# Sushi at home



## salt and pepper (Aug 22, 2011)




----------



## CharlieD (Aug 22, 2011)

Picture did not work.


----------



## salt and pepper (Aug 22, 2011)

*Sushi At Home*




I think I got it now.Posting pics , that is!


----------



## 4meandthem (Aug 22, 2011)

Your sushi looks better than mine! The pics is pretty small so it's kinda hard to tell what everything is.

I see Ebi and what looks like Makerel. Is the makerel raw? Do you deep freeze it first or buy top grade fish for that?

I also see what looks like a spicy tuna roll maybe. Same questions as above.

I limit our homemade stuff to cooked so our variety is a little more challenging and non-traditional at times. I just don't trust the supermarkets that try and sell sushi-grade raw tuna or any fish for that matter.I go to an asian market for fresh fish but they don't have anything I would eat raw either.

What is the roll that looks like it has tobiko on the outside? Looks good too!


----------



## salt and pepper (Aug 22, 2011)

the center flower is fresh water perch (oboro)
mack is frozen from japan then marinated at home
i get sushi grade tuna in Bozeman MT , its flown in fresh everyday
tobiko is an inside-out califorina roll
and marinated tuna roll.


----------



## roadfix (Aug 22, 2011)

Umasou!  ...and looks good too!  Nicely presented.


----------



## PrincessFiona60 (Aug 22, 2011)

Wonderful, what is the soup?   I love soup!!

That is just a beautiful presentation.


----------



## Timothy (Aug 22, 2011)

salt and pepper said:


> the center flower is fresh water perch (oboro)
> mack is frozen from japan then marinated at home
> i get sushi grade tuna in Bozeman MT , its flown in fresh everyday
> tobiko is an inside-out califorina roll
> and marinated tuna roll.


 
I love your presentation! Very, very well done!

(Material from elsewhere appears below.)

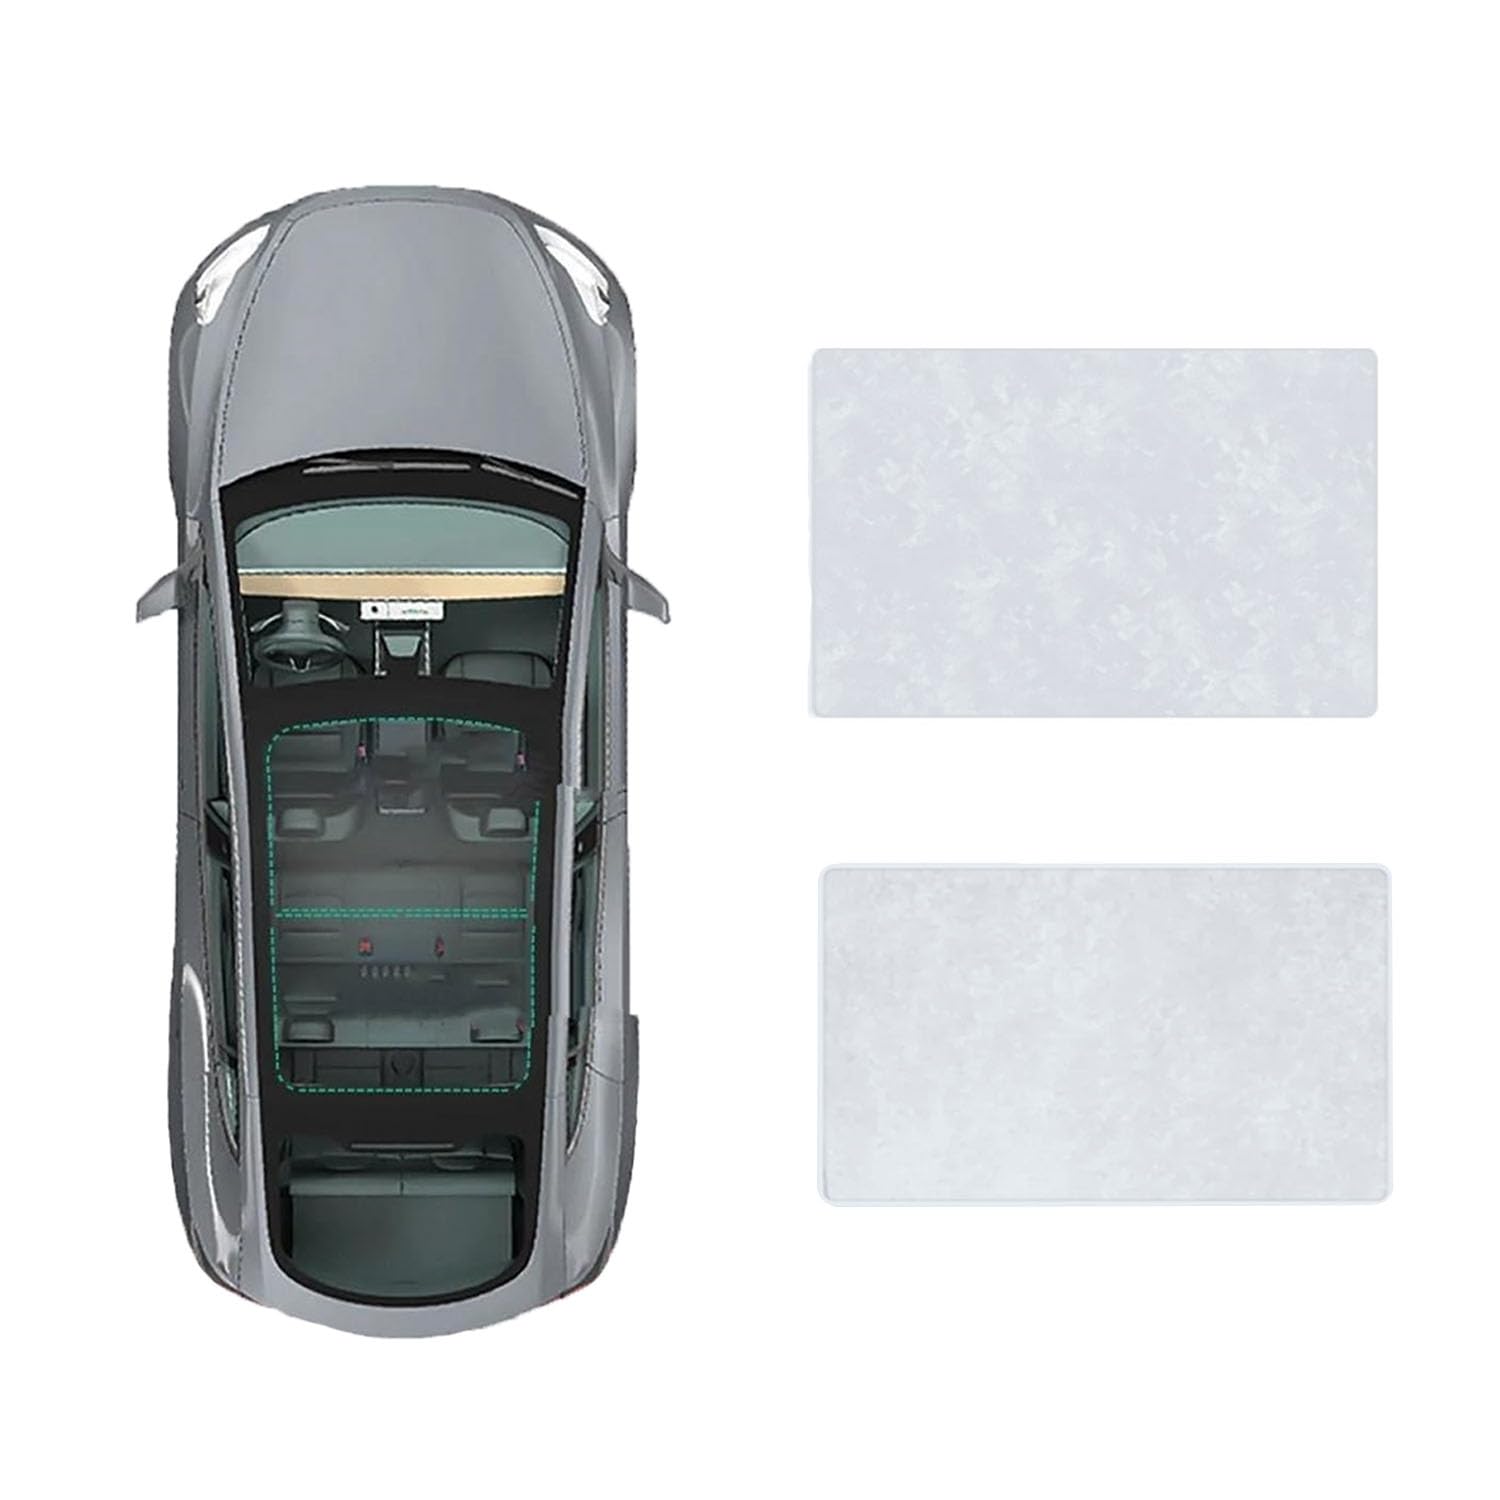 Auto-Schiebedach-Beschattung Für Land Rover Range Rover 2023-,Auto Schiebedach Sonnenschutz Dach Wärme Isolierung Beschattung Innen Auto Zubehör,B-Gray white Suede von LLL6zzzK
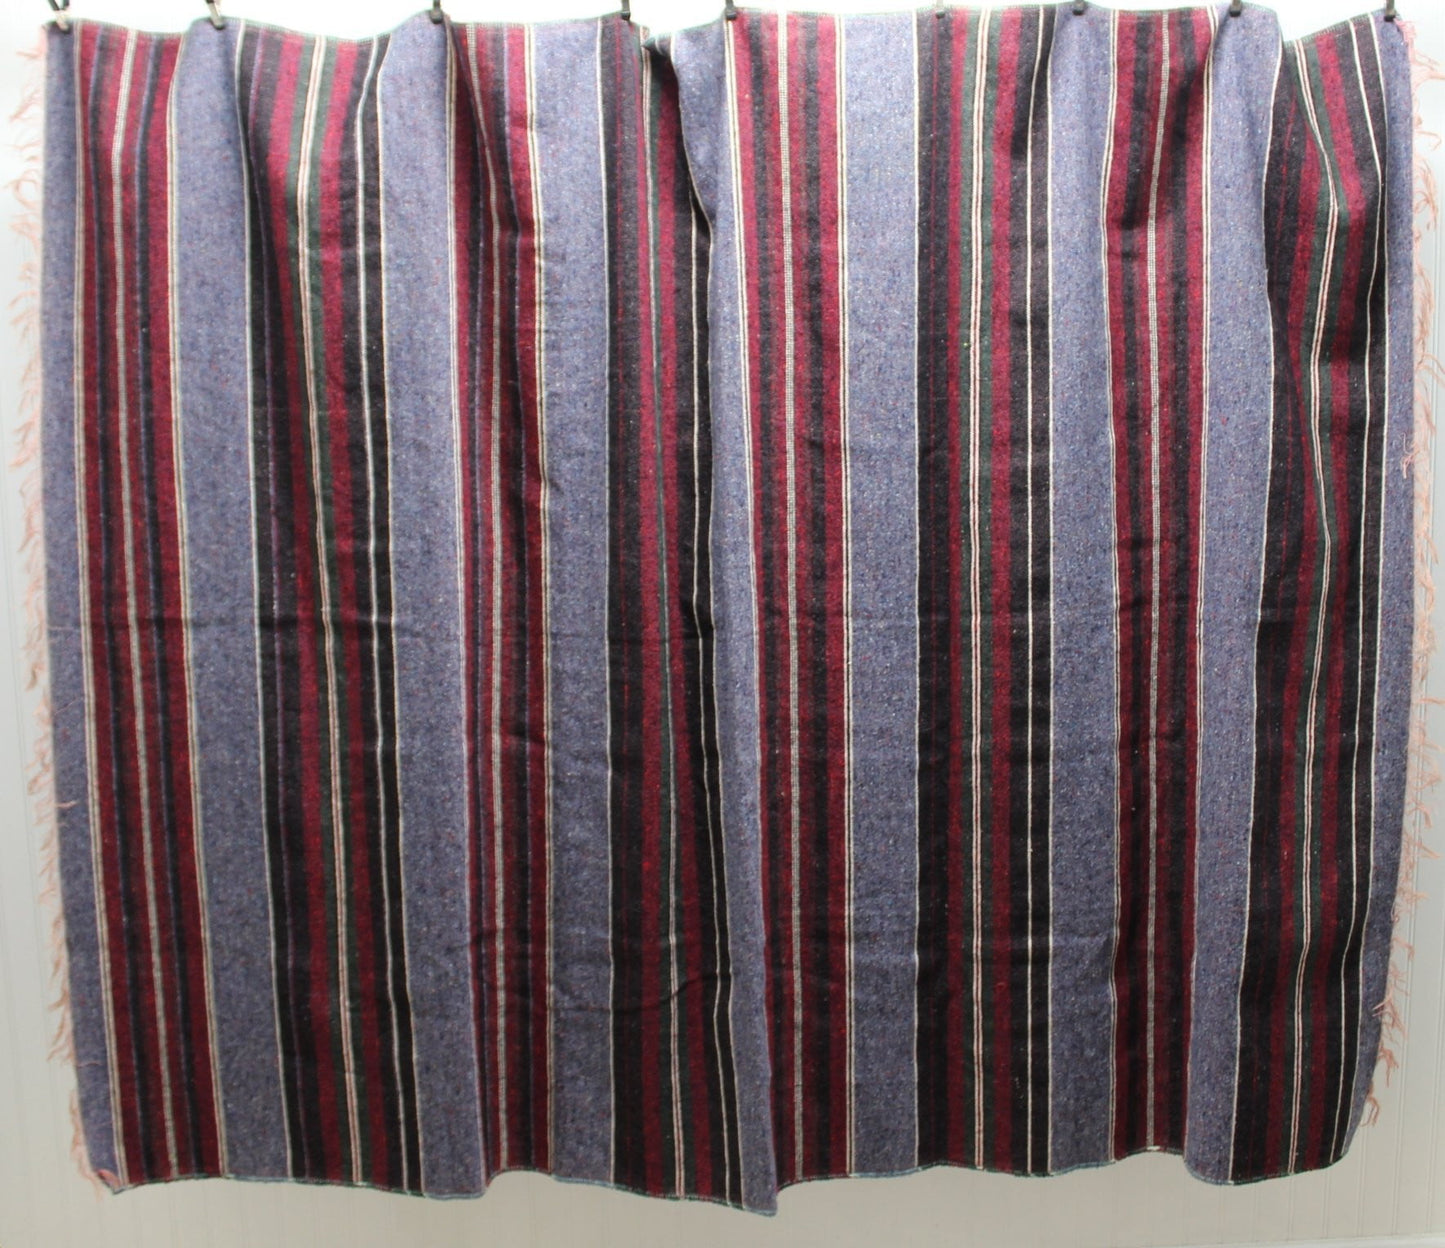 Unbranded Blanket Travel Rug - Loomed Cotton Blend Blues Purples Stripes - 80" X 58" Decor OOAK - Olde Kitchen & Home

How is your fresh water perch prepared to eliminate the possible parasites? Same question for your mackerel. 

I use a small counter-top freezer to kill parasites at minus 20+ for 10 days. It's the only way I'll eat fresh water fish raw. I've never trusted marination to rid it of the parasites.


----------



## spork (Aug 22, 2011)

click to enlarge

That looks fantastic, s&p!  I like the insulated bottle, more sake I presume.


----------



## salt and pepper (Aug 22, 2011)

I steam the perch 1st , then mix in the rice and add beet powder for color, Red food color will do if beet powder is not available.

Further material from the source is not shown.